Danish photographer Thilde Jensen came to New York City in 1997. Six years later her life and career was cut short by a sudden development of severe Multiple Chemical Sensitivities (MCS). The urban life she had previously navigated with ease transformed into a toxic war zone. Her immune system crashed, forcing her unto a survivalistic journey, unravelling the comfort and construct of her previous life. The ensuing years were a lesson in basic survival – camping in the woods, while wearing a respirator when entering supermarkets, doctors’ offices, and banks. To her surprise an otherwise invisible subculture of people emerged who shared this isolated existence. Her photographs are a personal account of life on the edge of modern civilization as one of the human canaries, the first casualties to a ubiquitous synthetic chemical culture. Of her series ‘Canaries’ Thilde writes:

‘Since World War II the production and use of synthetic chemicals has exploded. During the course of an average day, people come in contact with a host of chemicals – Just walking into a supermarket one might be breathing as many as 20,000 different synthetic compounds. As a result of the prevalence of these synthetic chemicals, it is believed that more than ten million Americans have developed a disabling condition called Multiple Chemical Sensitivity, (MCS).

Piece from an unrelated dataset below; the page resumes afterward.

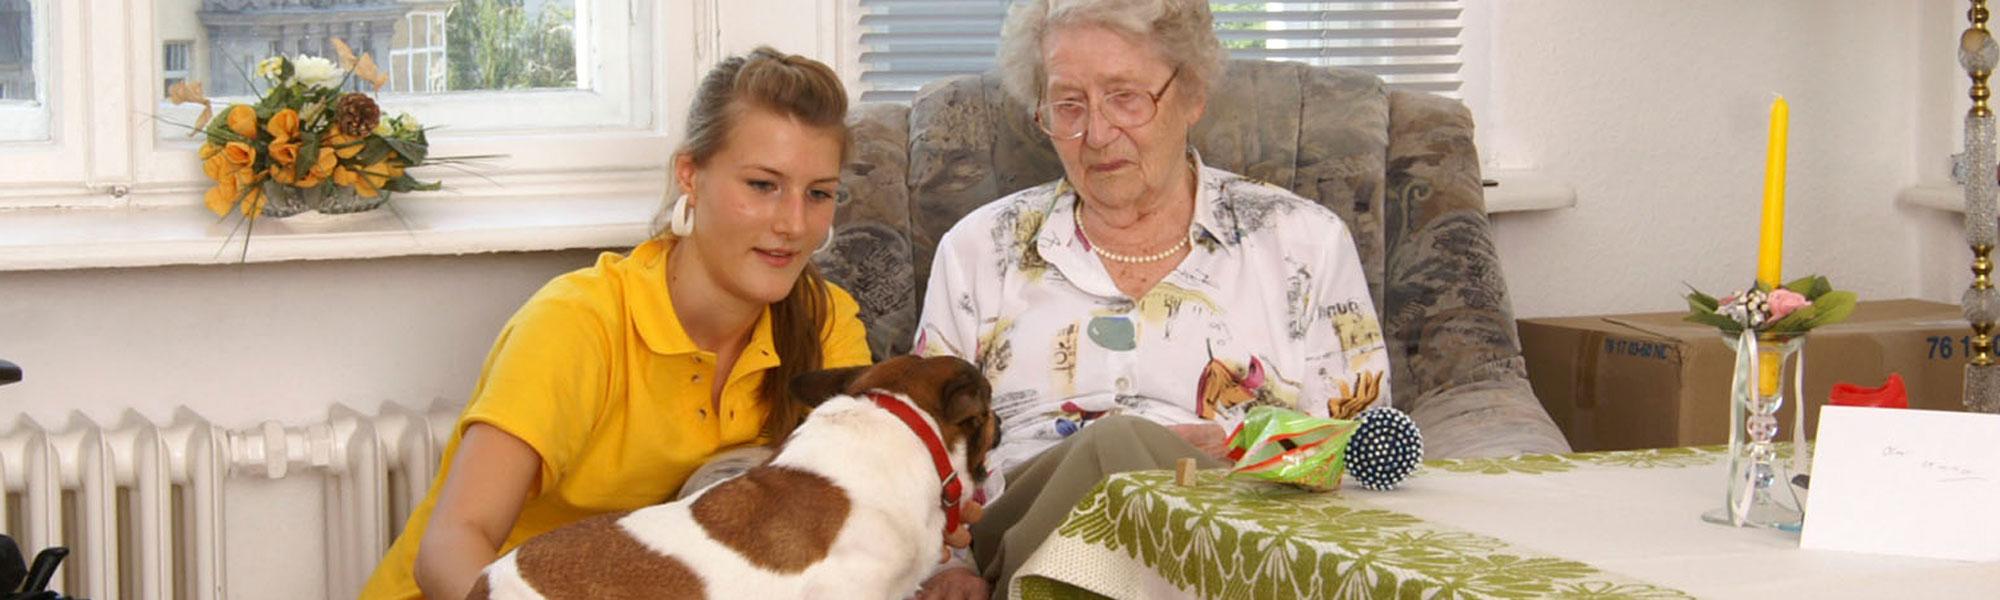 Pflegedienst Drei Töchter Startseitenbanner 4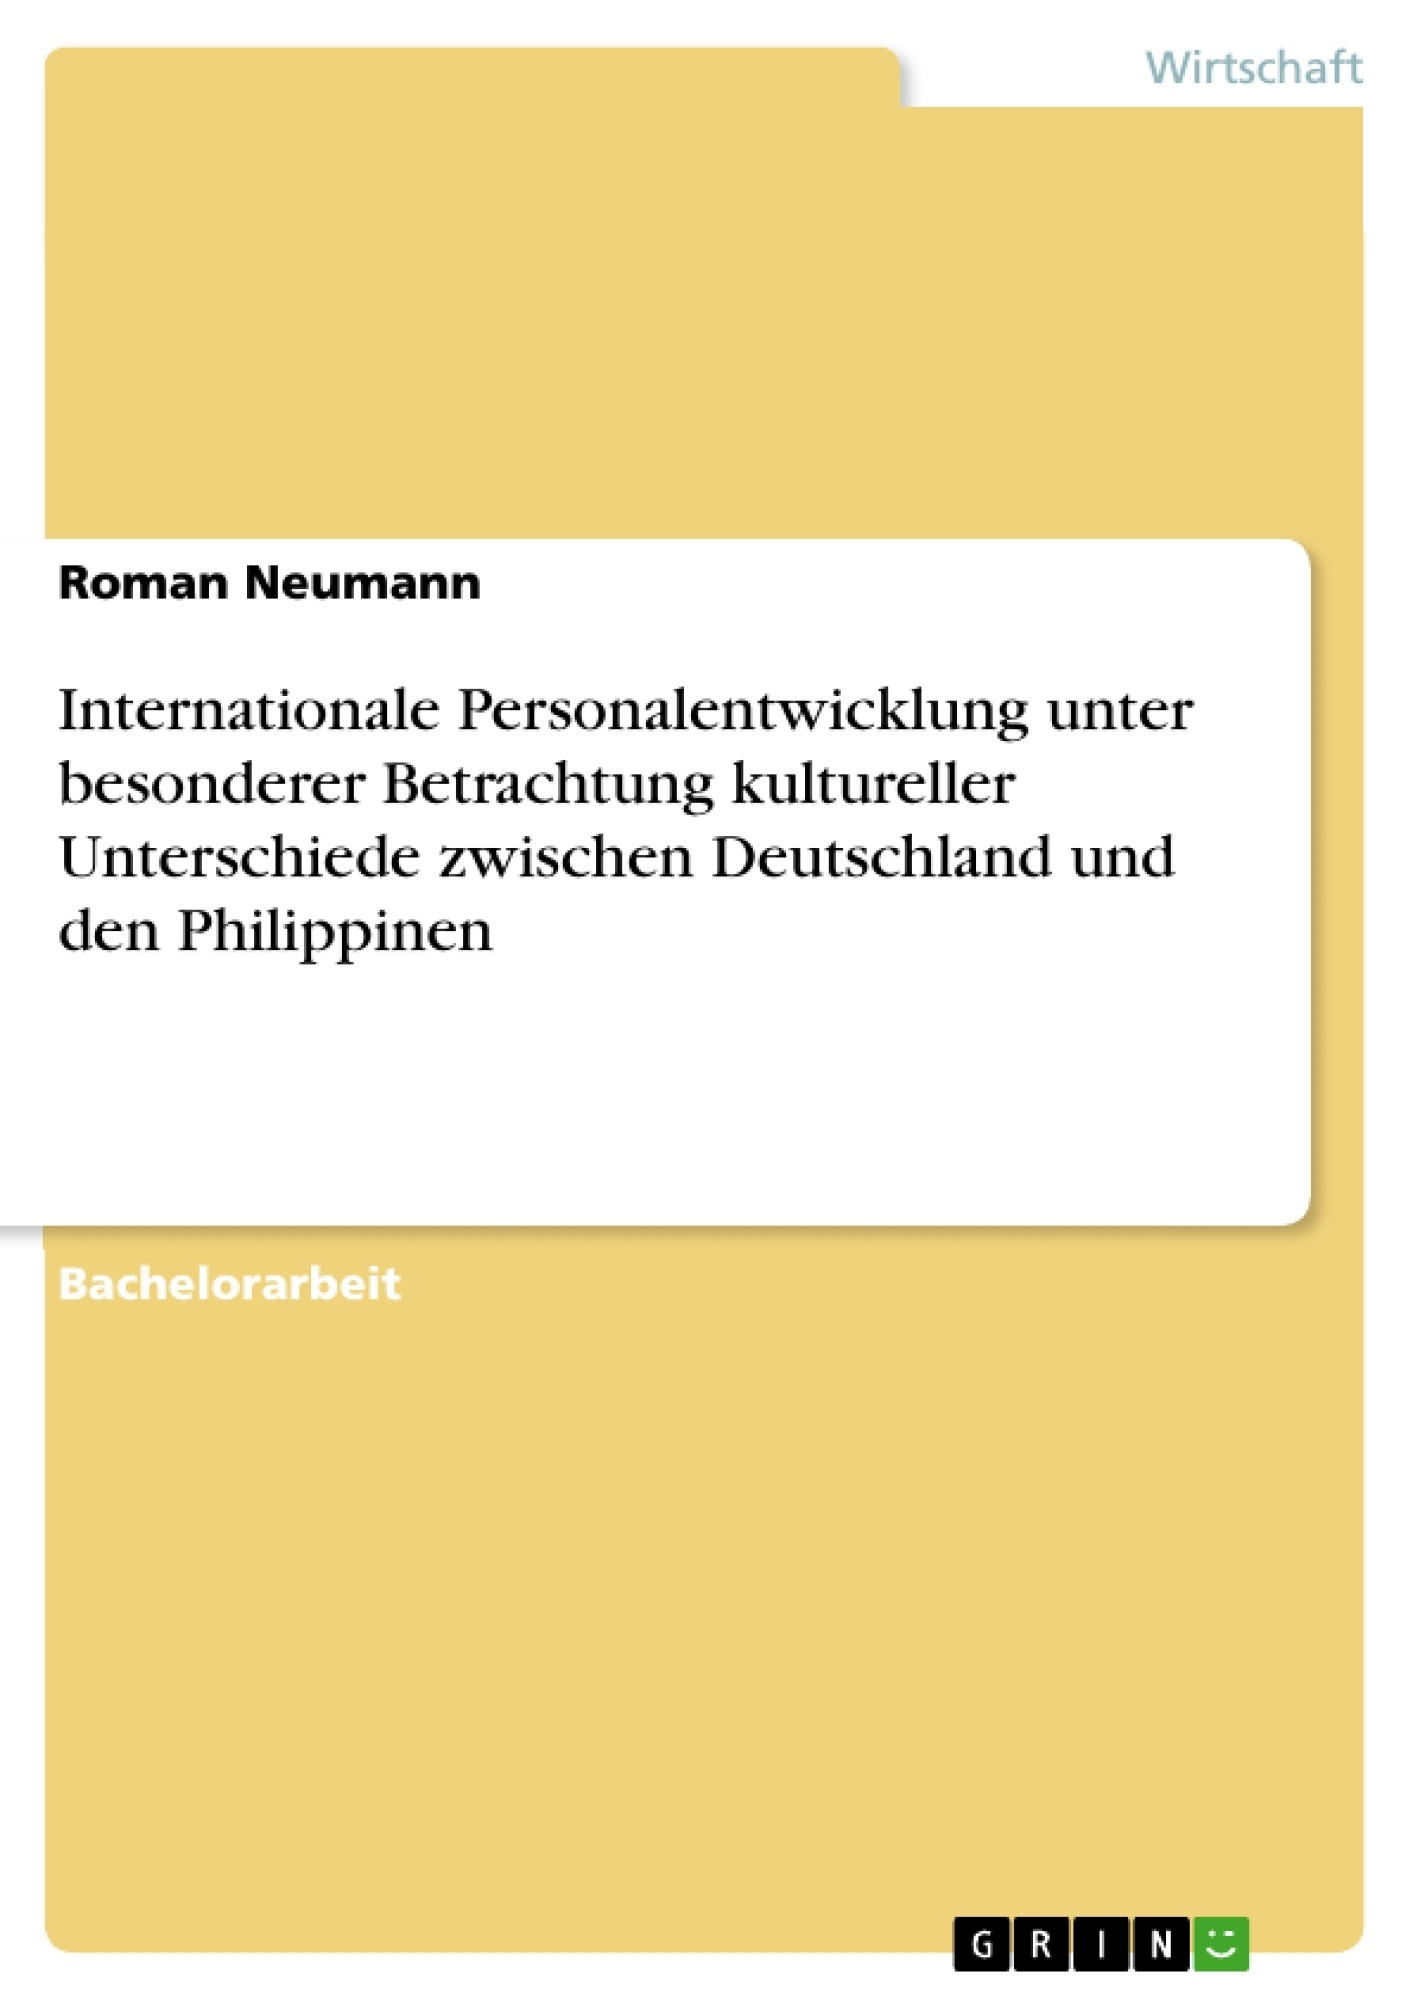 Titel: Internationale Personalentwicklung unter besonderer Betrachtung kultureller Unterschiede zwischen Deutschland und den Philippinen

MCS is a condition where our immune and central nervous system goes into extreme reactions when exposed to small amounts of daily chemicals like perfume, cleaning products, car exhaust, construction materials and pesticides. In addition, some people also react to light, fabrics, food and electromagnetic fields as emitted by computers, phones, cell towers, cars and florescent lights – making life a near impossibility. Many people with MCS are forced to live in remote areas in tents, cars, or trailers. Others are prisoners of their homes, with advanced air filter systems to keep outside air from contaminating their breathing space’.